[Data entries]
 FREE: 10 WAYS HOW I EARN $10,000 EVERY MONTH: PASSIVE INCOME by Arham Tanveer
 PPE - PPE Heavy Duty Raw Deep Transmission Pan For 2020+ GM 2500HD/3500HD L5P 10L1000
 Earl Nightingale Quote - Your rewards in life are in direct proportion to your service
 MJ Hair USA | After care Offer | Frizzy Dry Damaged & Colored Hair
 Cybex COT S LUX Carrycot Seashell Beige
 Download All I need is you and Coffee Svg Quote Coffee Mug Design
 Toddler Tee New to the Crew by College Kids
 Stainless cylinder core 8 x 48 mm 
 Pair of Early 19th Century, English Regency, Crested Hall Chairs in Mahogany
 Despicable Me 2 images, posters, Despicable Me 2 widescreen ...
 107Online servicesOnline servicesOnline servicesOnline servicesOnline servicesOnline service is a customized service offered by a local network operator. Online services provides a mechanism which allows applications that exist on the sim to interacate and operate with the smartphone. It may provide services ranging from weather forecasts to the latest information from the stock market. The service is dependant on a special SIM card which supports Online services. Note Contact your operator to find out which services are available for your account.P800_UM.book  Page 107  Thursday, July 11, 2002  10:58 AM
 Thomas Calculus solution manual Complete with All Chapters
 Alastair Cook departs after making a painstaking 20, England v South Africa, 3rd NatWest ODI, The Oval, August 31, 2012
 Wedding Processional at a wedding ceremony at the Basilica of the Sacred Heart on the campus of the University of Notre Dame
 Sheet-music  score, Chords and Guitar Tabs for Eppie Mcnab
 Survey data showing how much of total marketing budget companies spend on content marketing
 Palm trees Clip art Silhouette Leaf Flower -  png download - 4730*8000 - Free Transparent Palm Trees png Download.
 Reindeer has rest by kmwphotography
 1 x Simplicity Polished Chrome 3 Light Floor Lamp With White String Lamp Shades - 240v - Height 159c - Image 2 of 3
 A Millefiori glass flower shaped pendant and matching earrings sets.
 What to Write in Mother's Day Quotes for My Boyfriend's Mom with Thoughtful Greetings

GOAL OF THE EXERCISE ->
Each line from the one containing "1 x Simplicity" to the close of the records must appear in the output exactly, and no other line.

EXERCISE ANSWER ->
 1 x Simplicity Polished Chrome 3 Light Floor Lamp With White String Lamp Shades - 240v - Height 159c - Image 2 of 3
 A Millefiori glass flower shaped pendant and matching earrings sets.
 What to Write in Mother's Day Quotes for My Boyfriend's Mom with Thoughtful Greetings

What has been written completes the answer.